### What you have to do
Exclude the pictures. Transcribe exactly, and only, the lines from the one holding "Main Image - Gant" to the end of the material below.

### Provided material

******************************

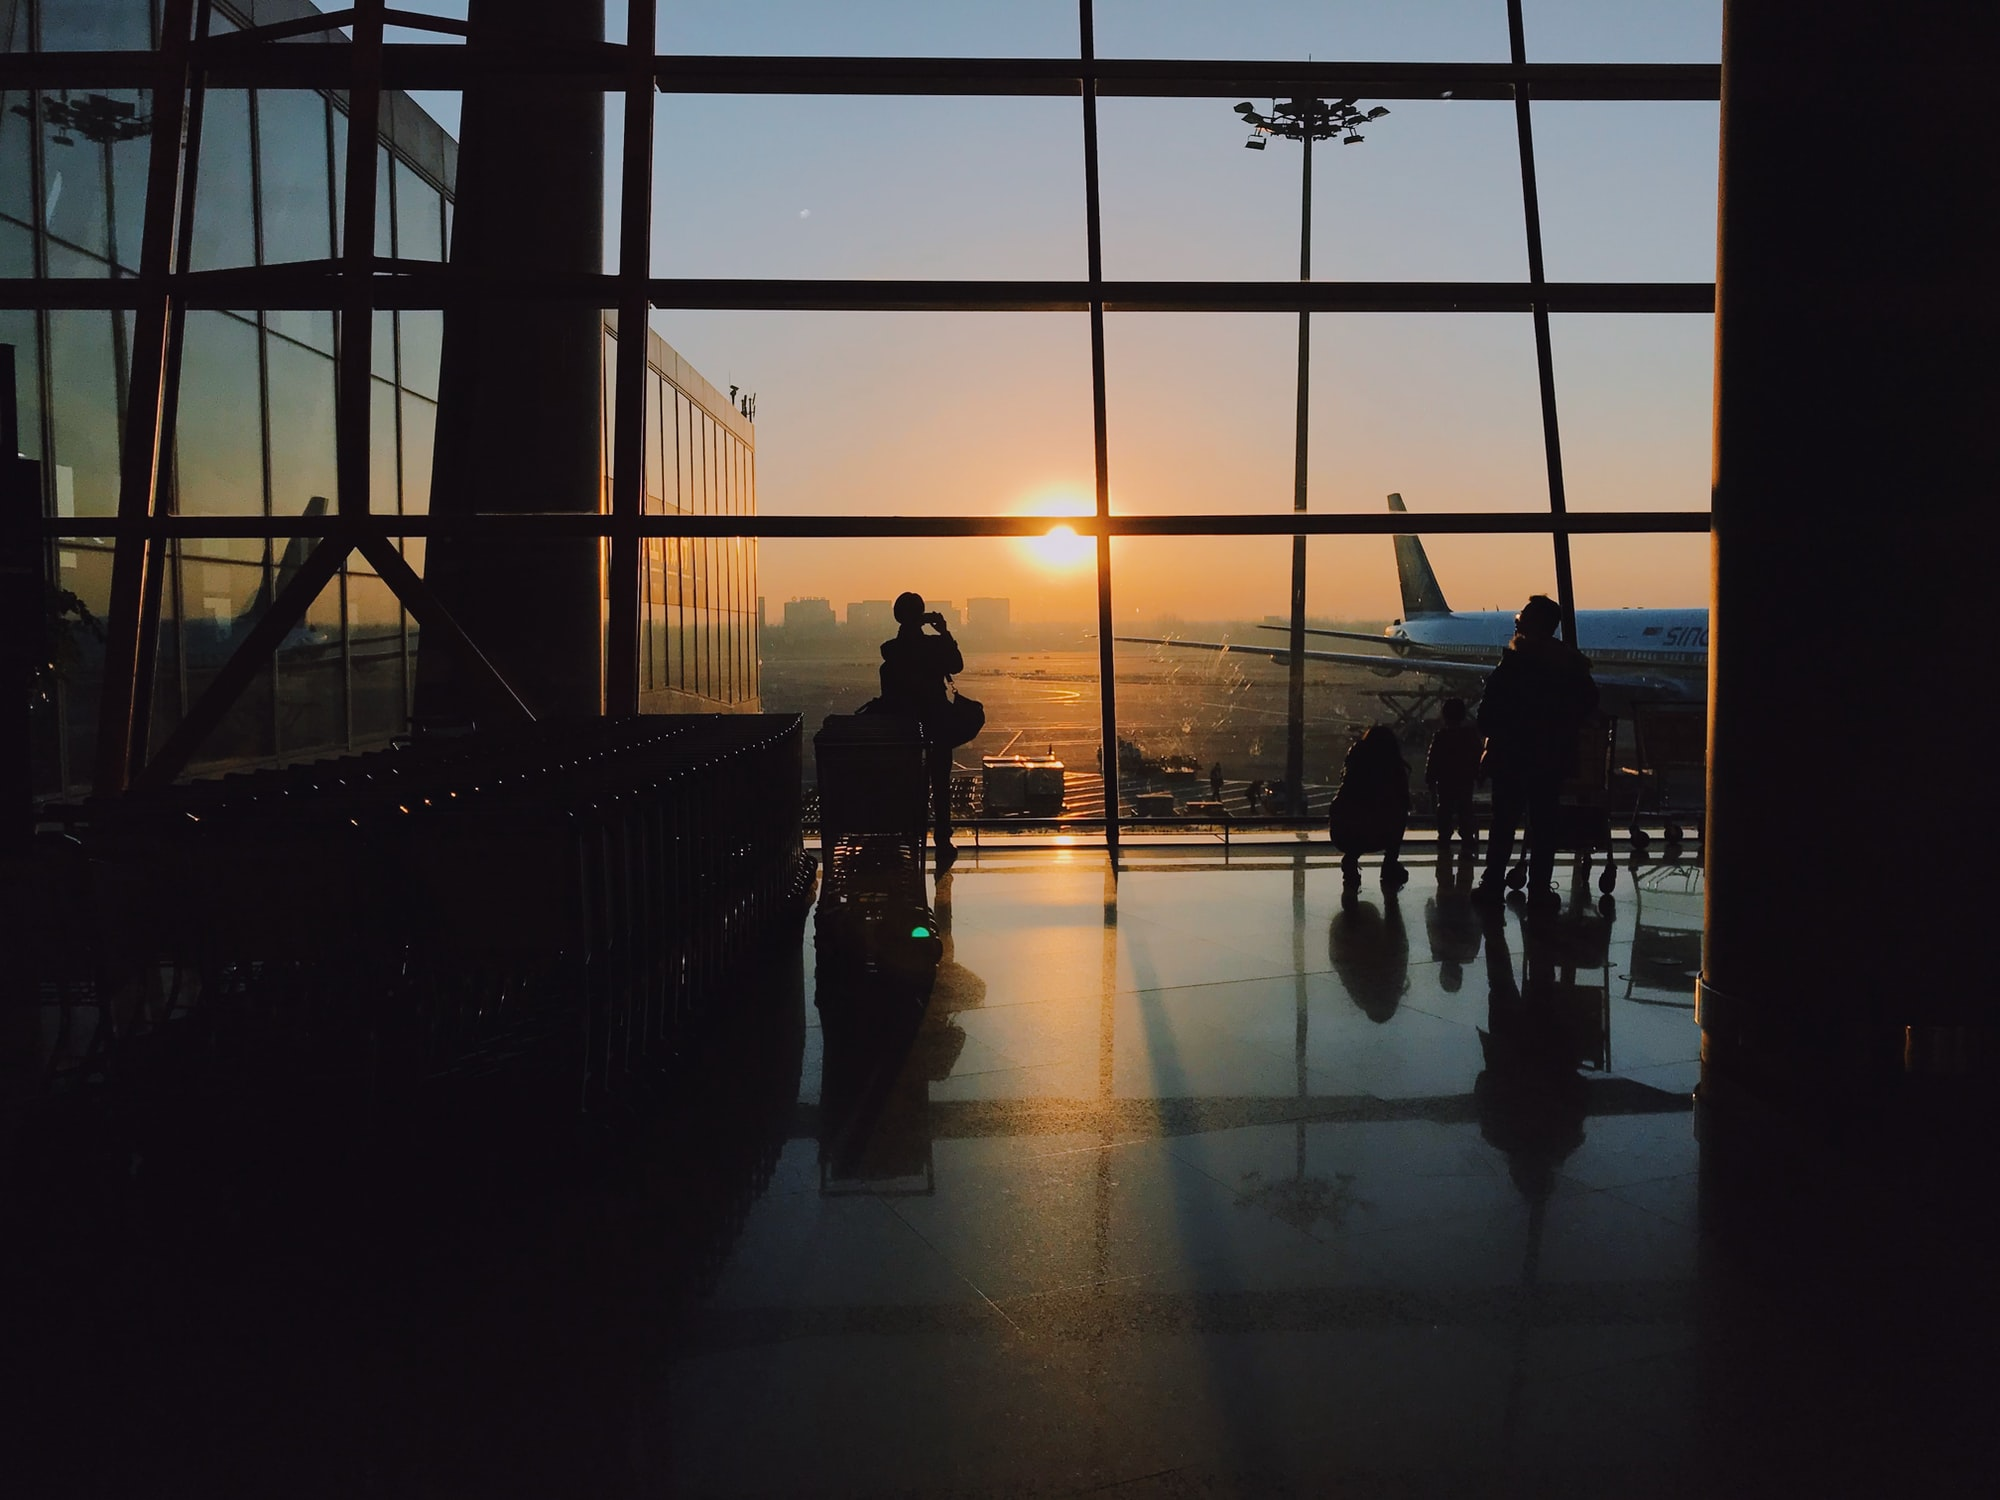 Passeport perdu aéroport - blog.troov.com
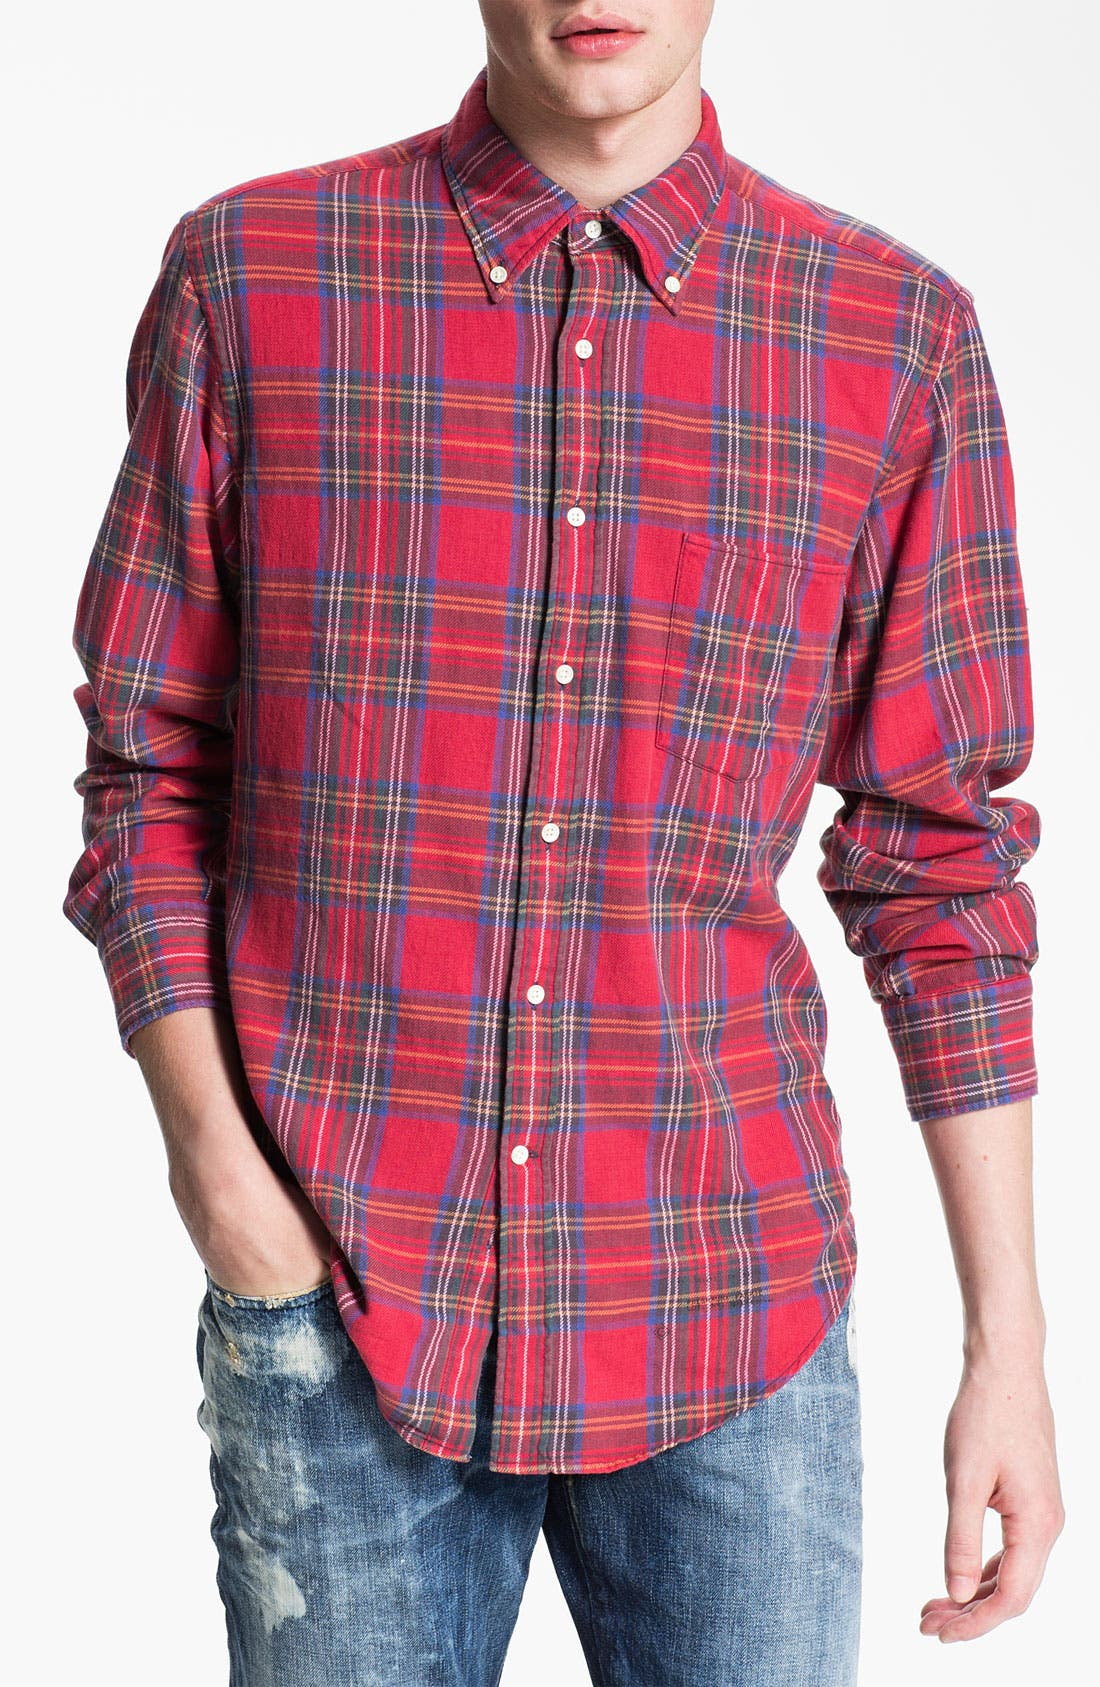 Main Image - Gant Rugger 'Tinkering' Twill Plaid Shirt
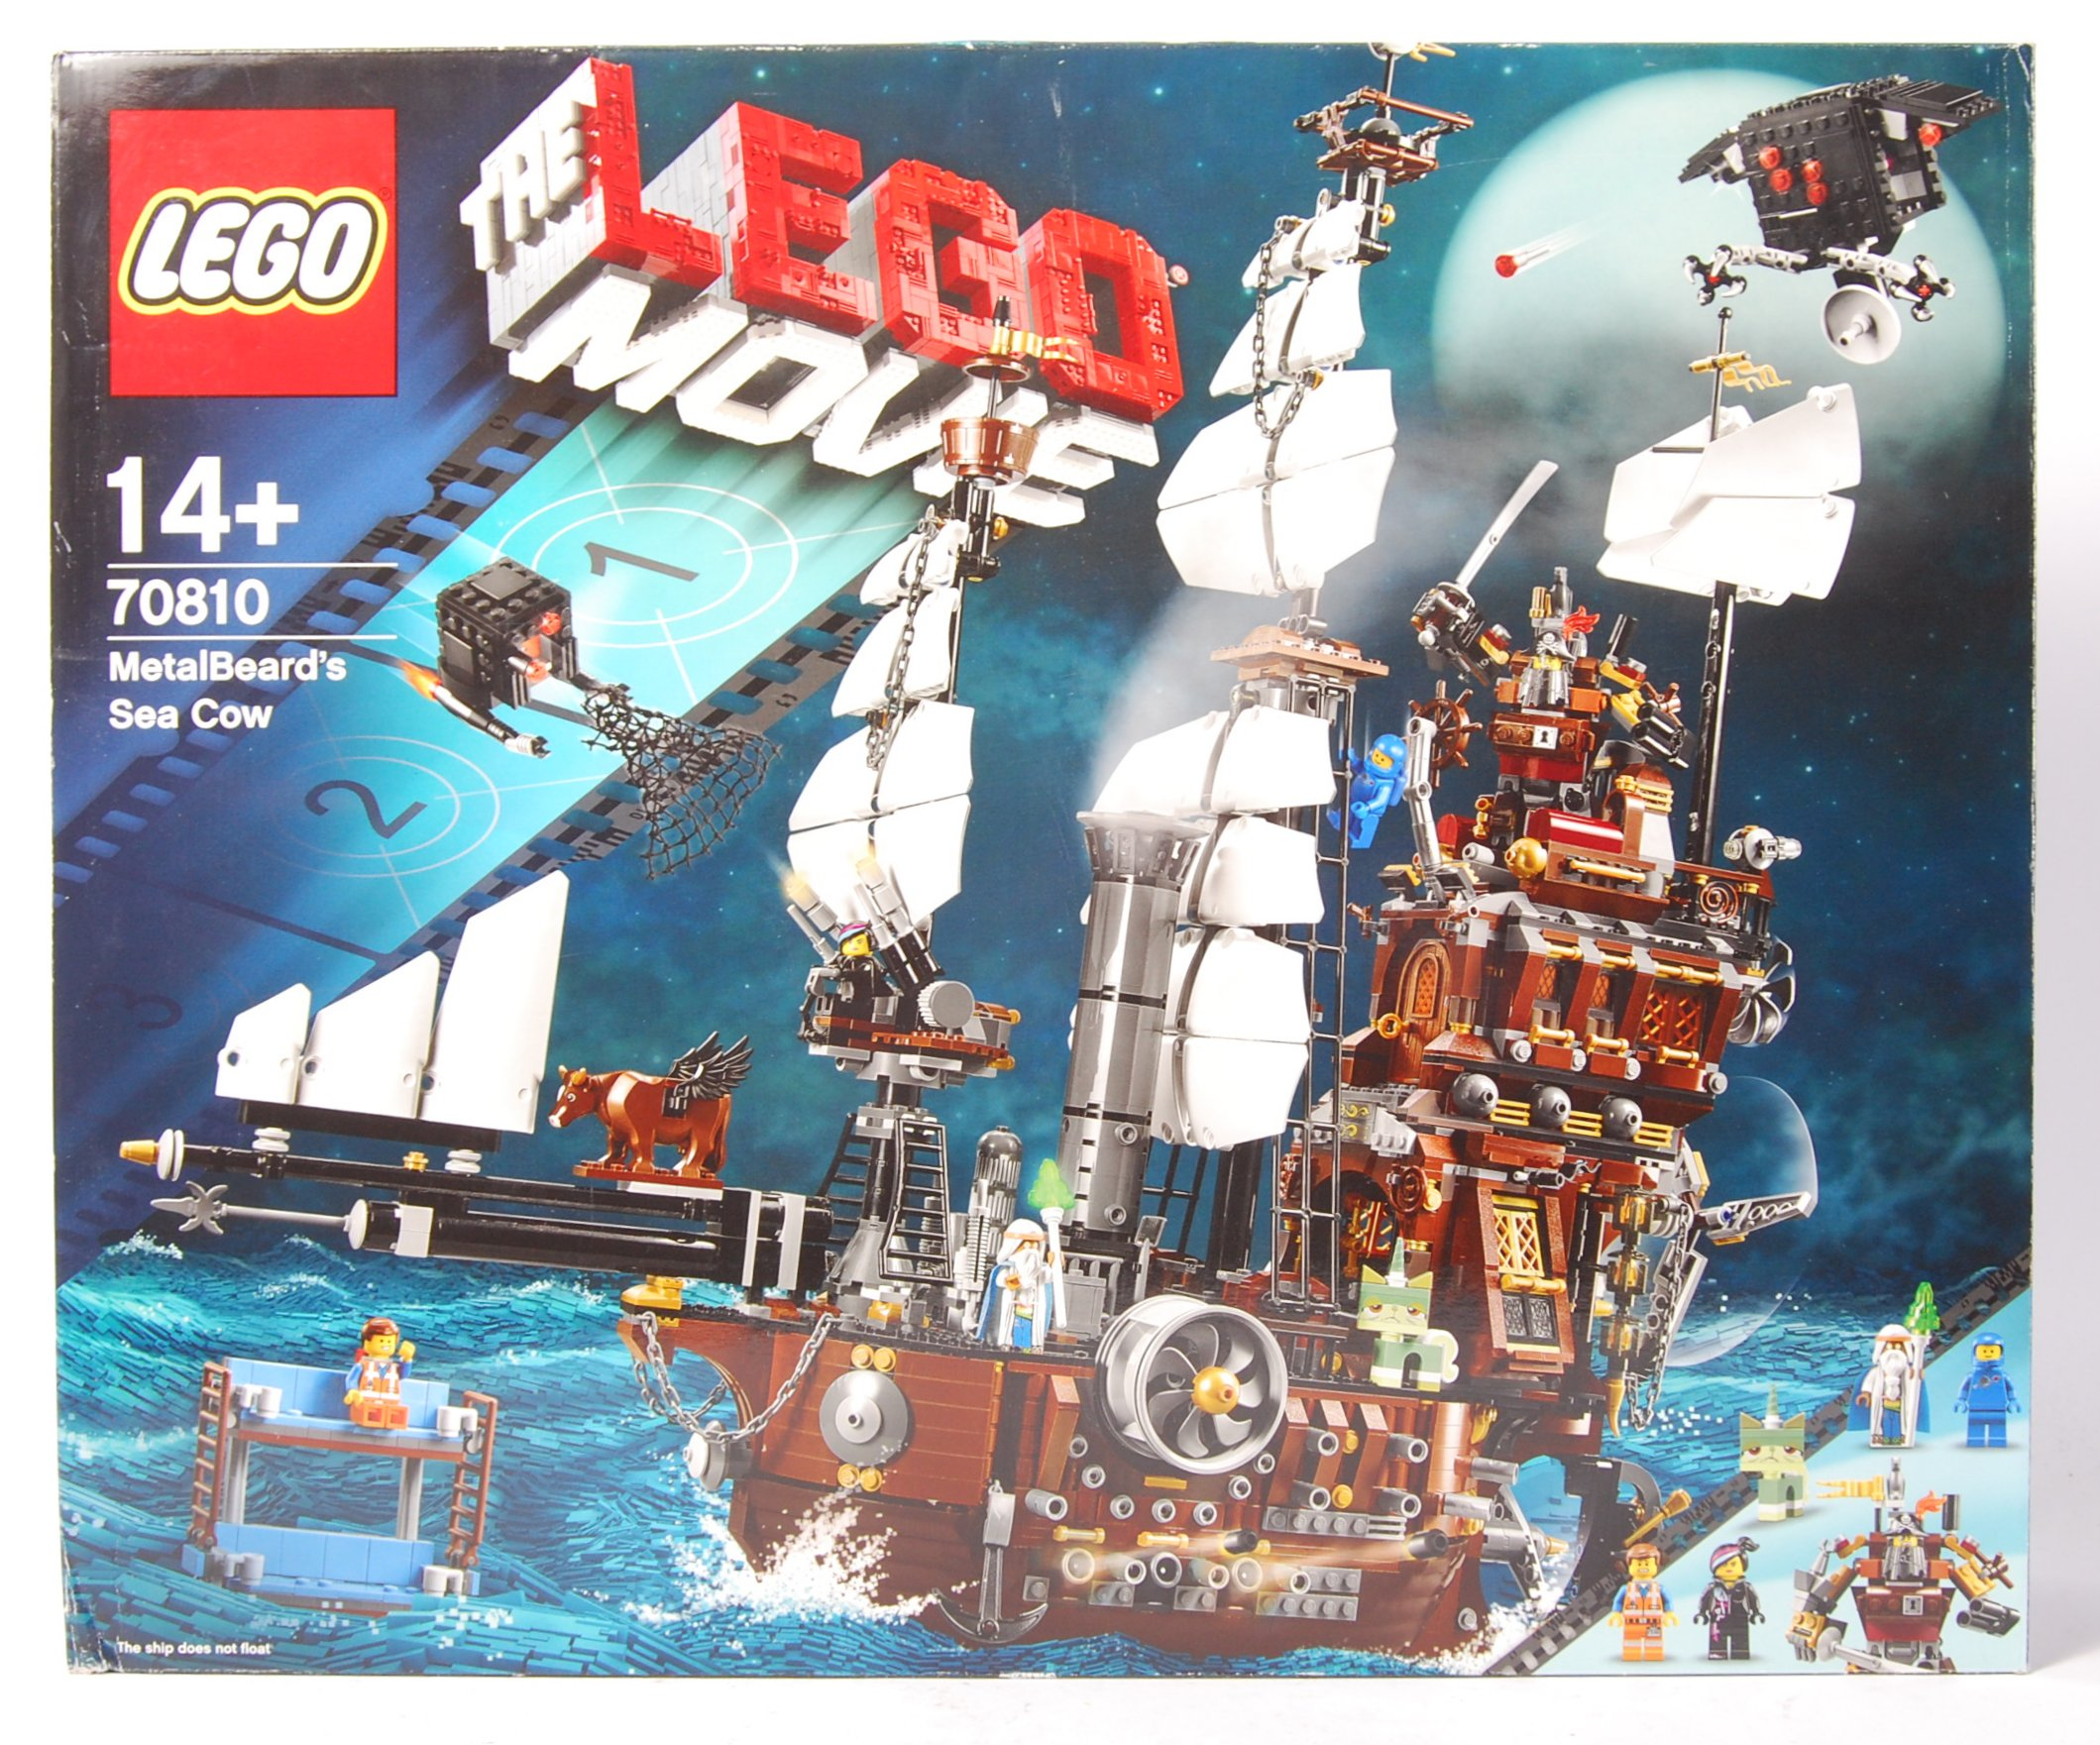 A The Lego Movie Set No 70810 Metalbeard S Sea Cow Vendor Assures Us Set Is 100 Comple

******************************

### Result of this exercise
 Main Image - Gant Rugger 'Tinkering' Twill Plaid Shirt
 A The Lego Movie Set No 70810 Metalbeard S Sea Cow Vendor Assures Us Set Is 100 Comple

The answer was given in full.